=== Stored data ===

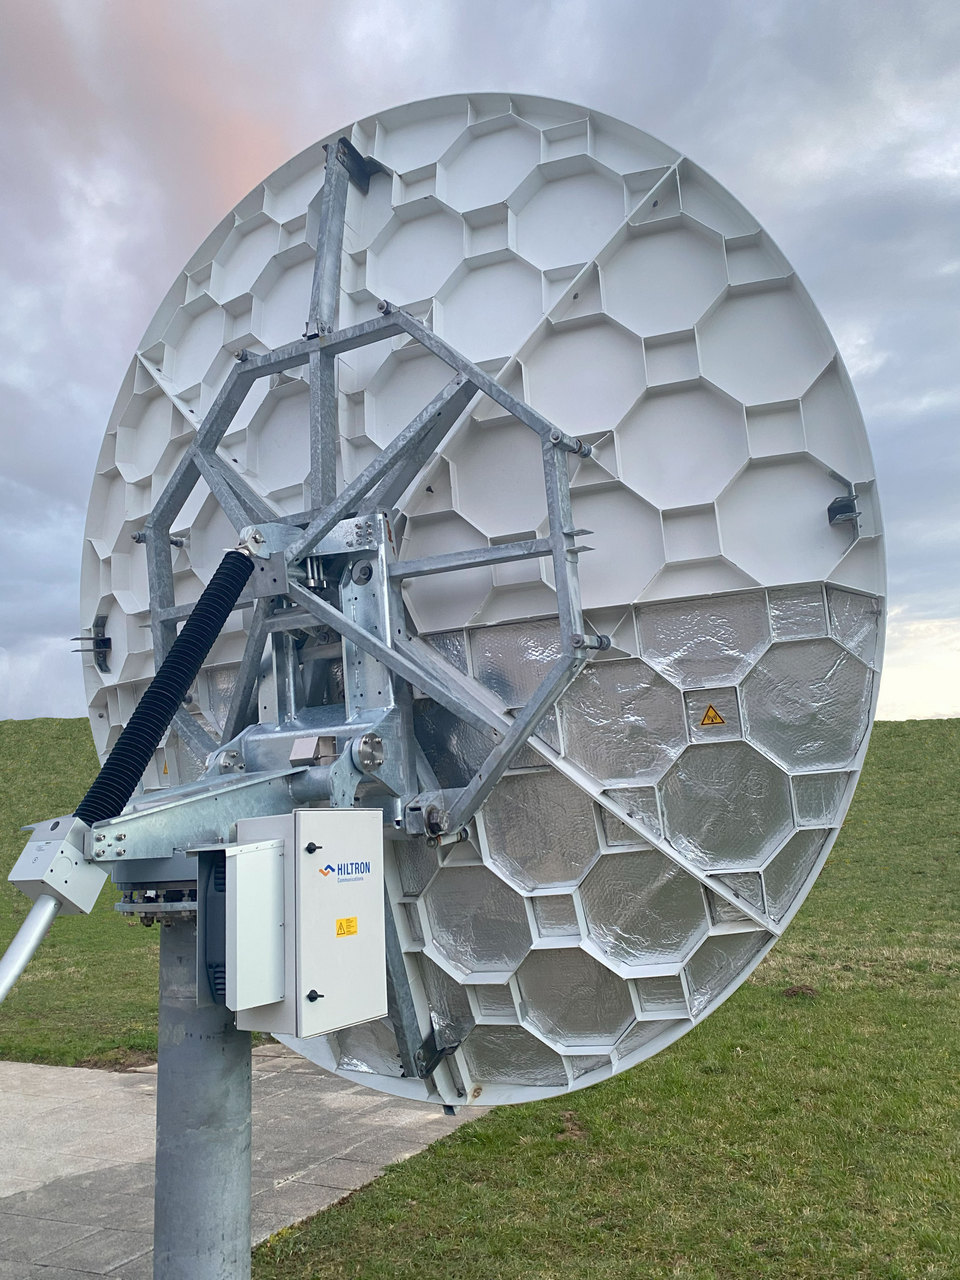 новый модернизируемый в полевых условиях комплект привода Hiltron на базе HMAM для антенны спутниковой связи CPI 2385
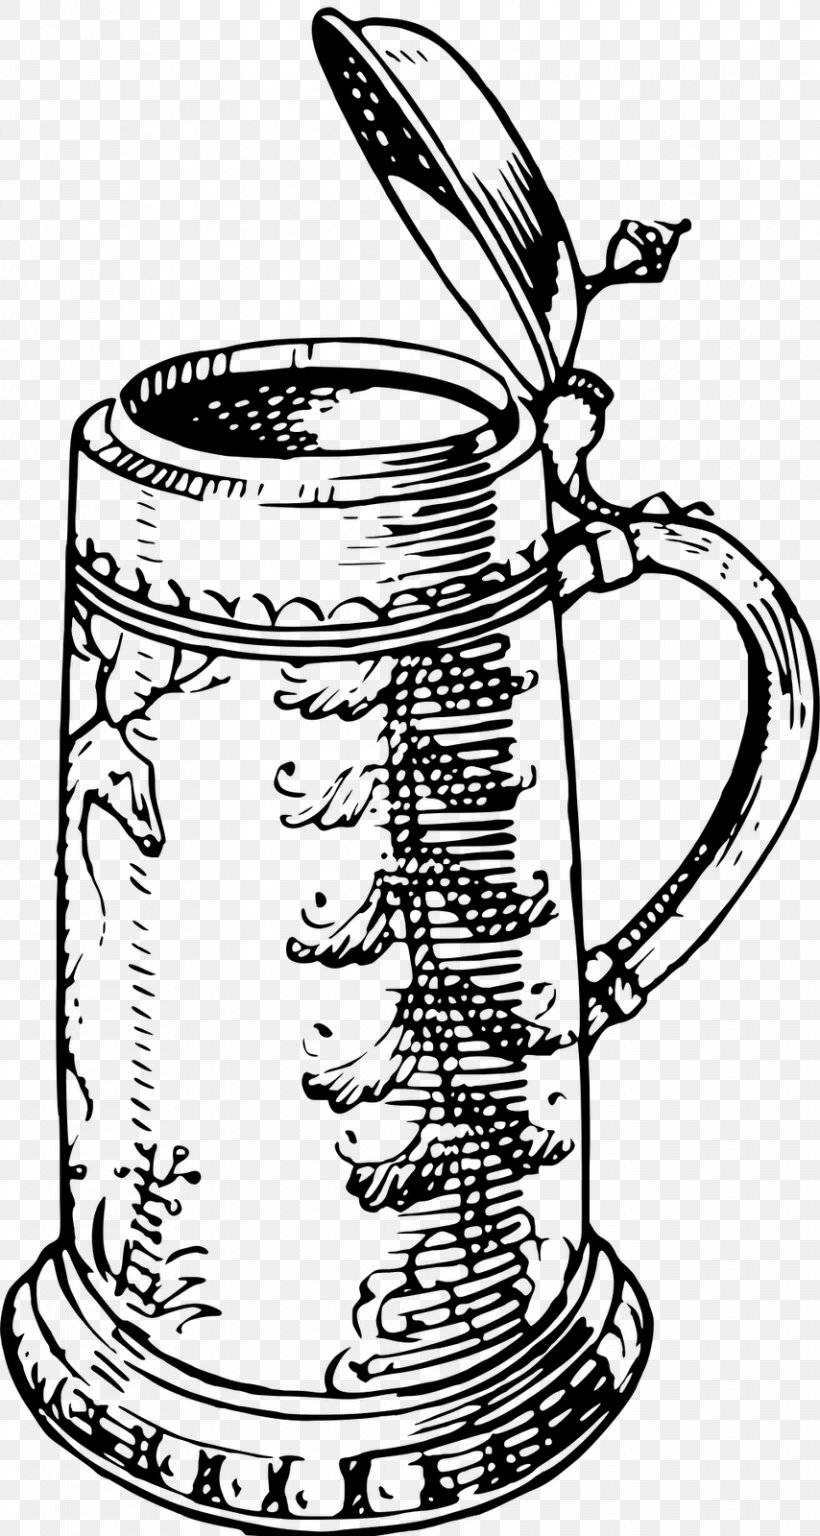 Beer Stein Tankard Beer Glasses Drawing, PNG, 854x1600px, Beer, Alcoholic Drink, Artwork, Beer Glasses, Beer Stein Download Free
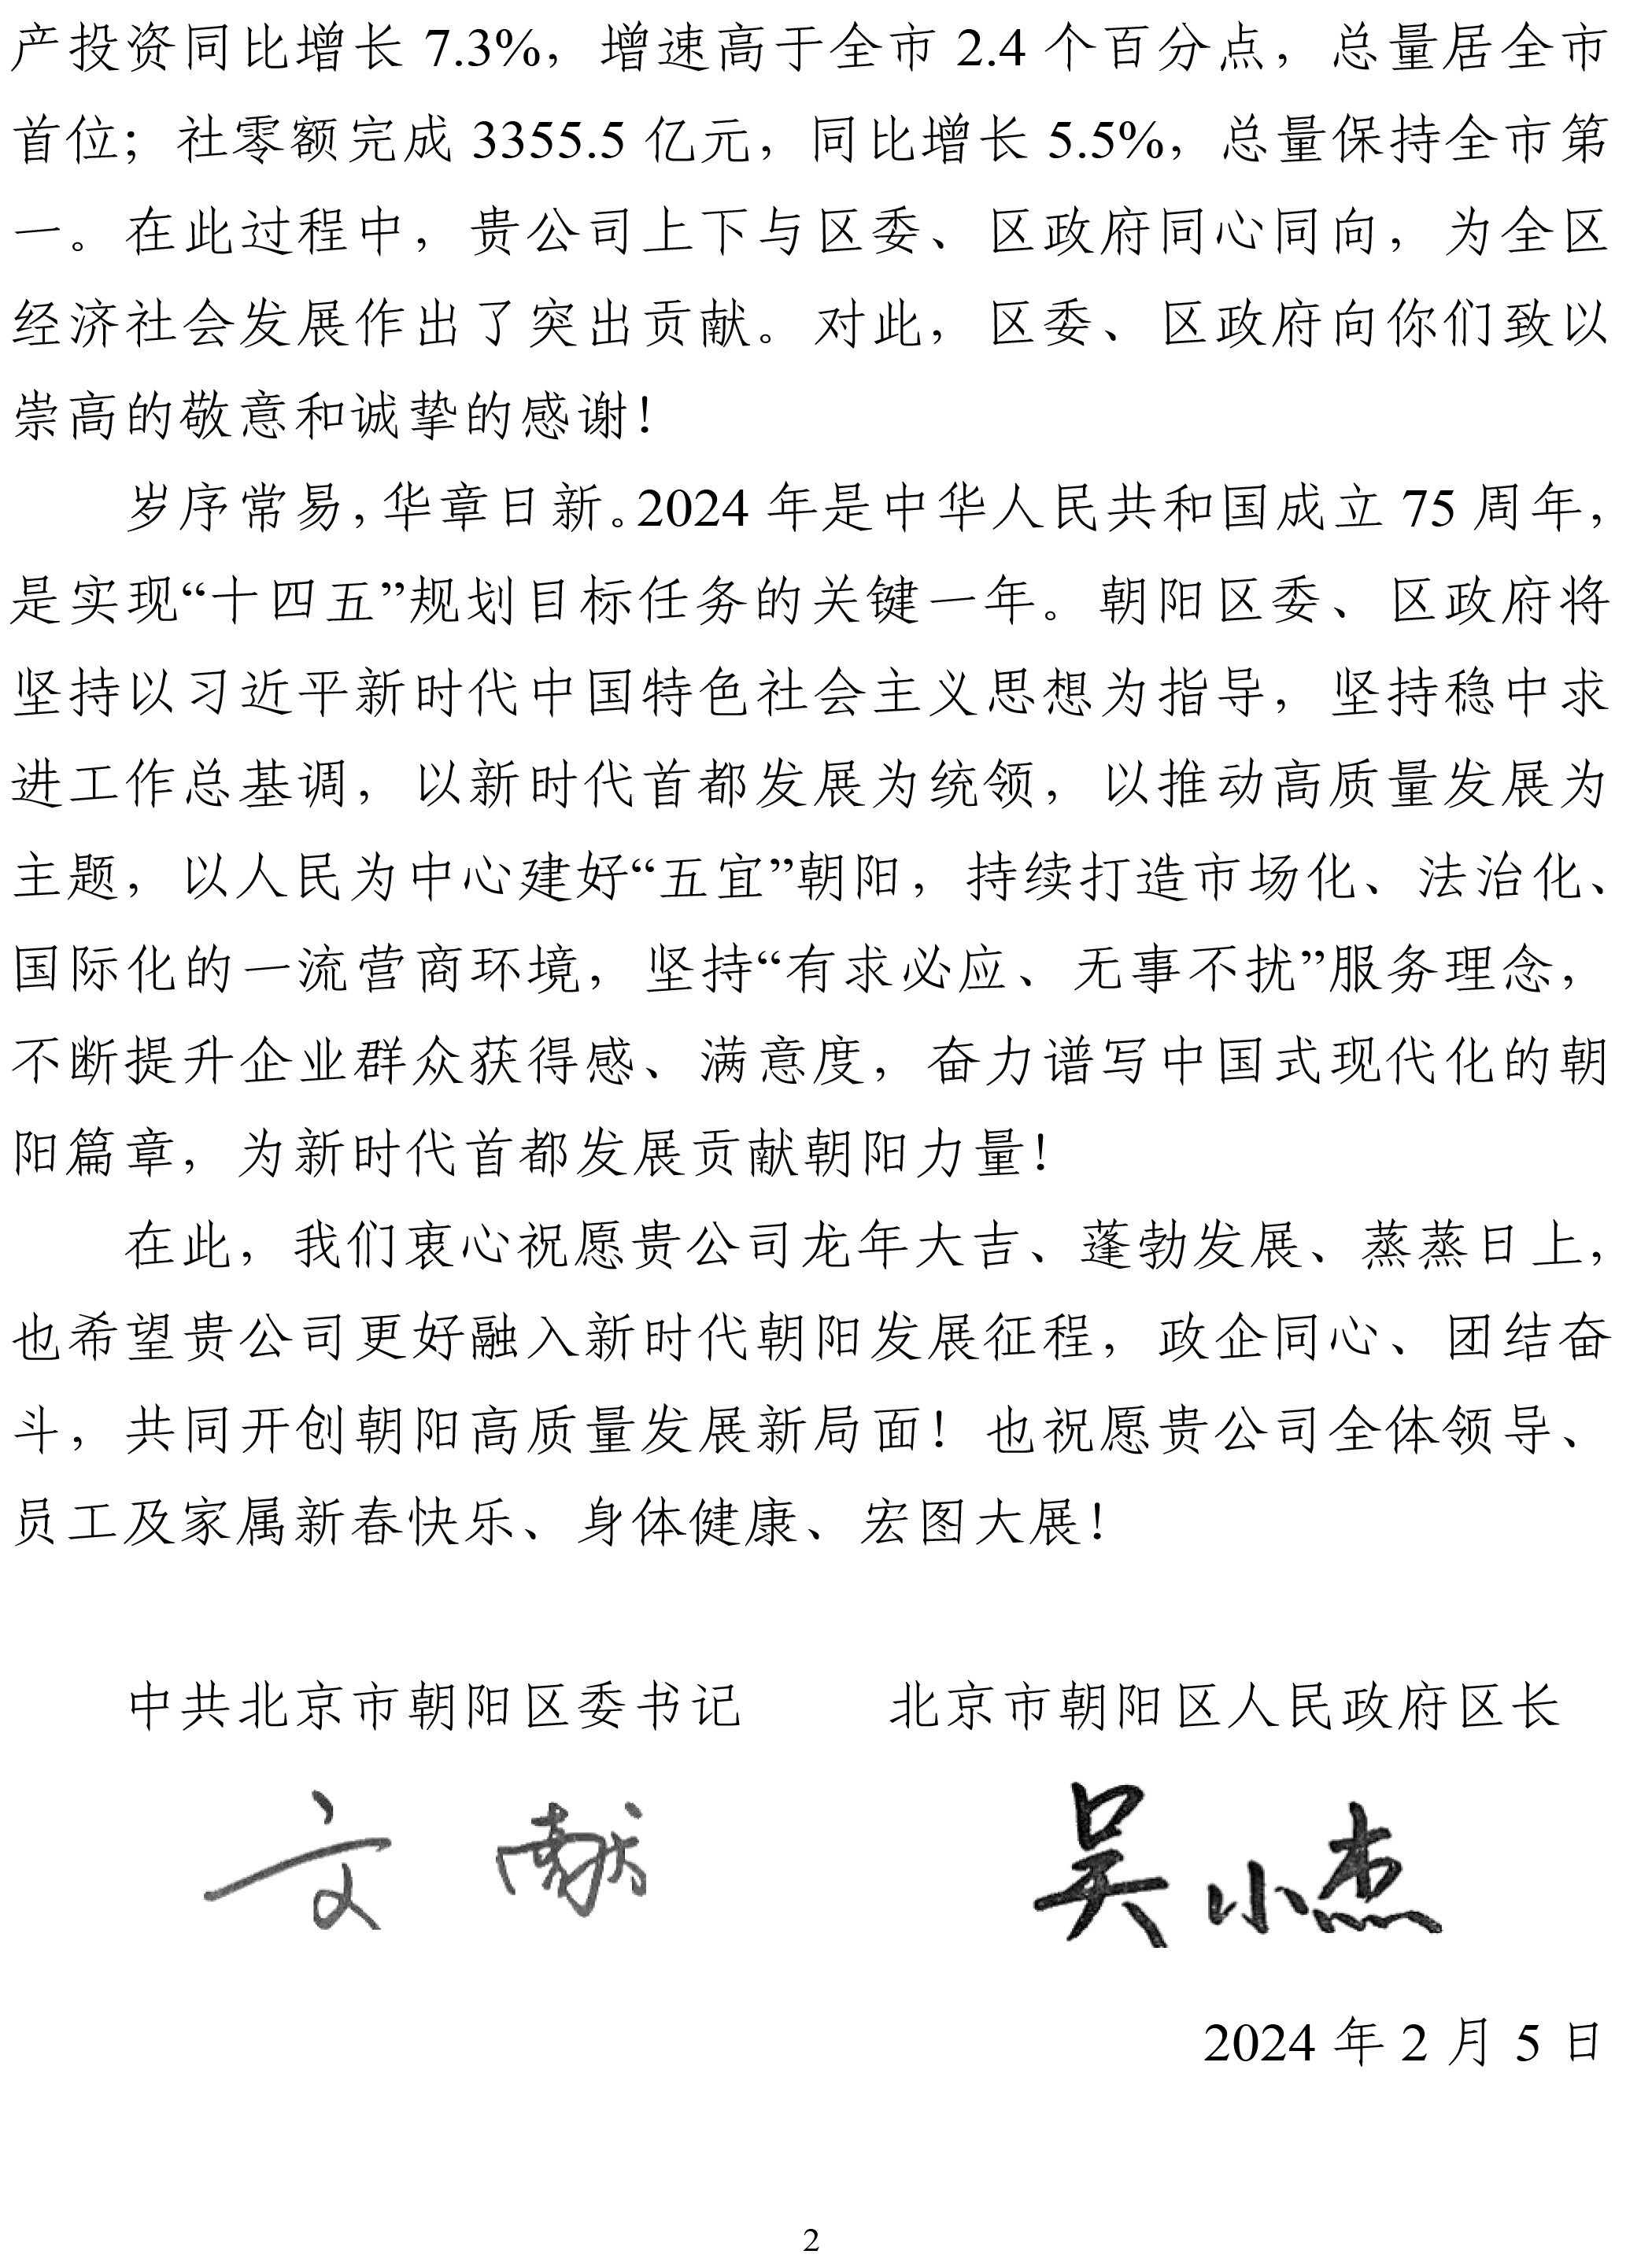 北京市朝阳区区委、区政府致恩核（北京）信息技术有限公司感谢信

===

▶ [What to produce]: None of the pictures should be kept; reproduce all the remaining material exactly.

▶ [Exercise solution]:
 новый модернизируемый в полевых условиях комплект привода Hiltron на базе HMAM для антенны спутниковой связи CPI 2385
 Beer Stein Tankard Beer Glasses Drawing, PNG, 854x1600px, Beer, Alcoholic Drink, Artwork, Beer Glasses, Beer Stein Download Free
 北京市朝阳区区委、区政府致恩核（北京）信息技术有限公司感谢信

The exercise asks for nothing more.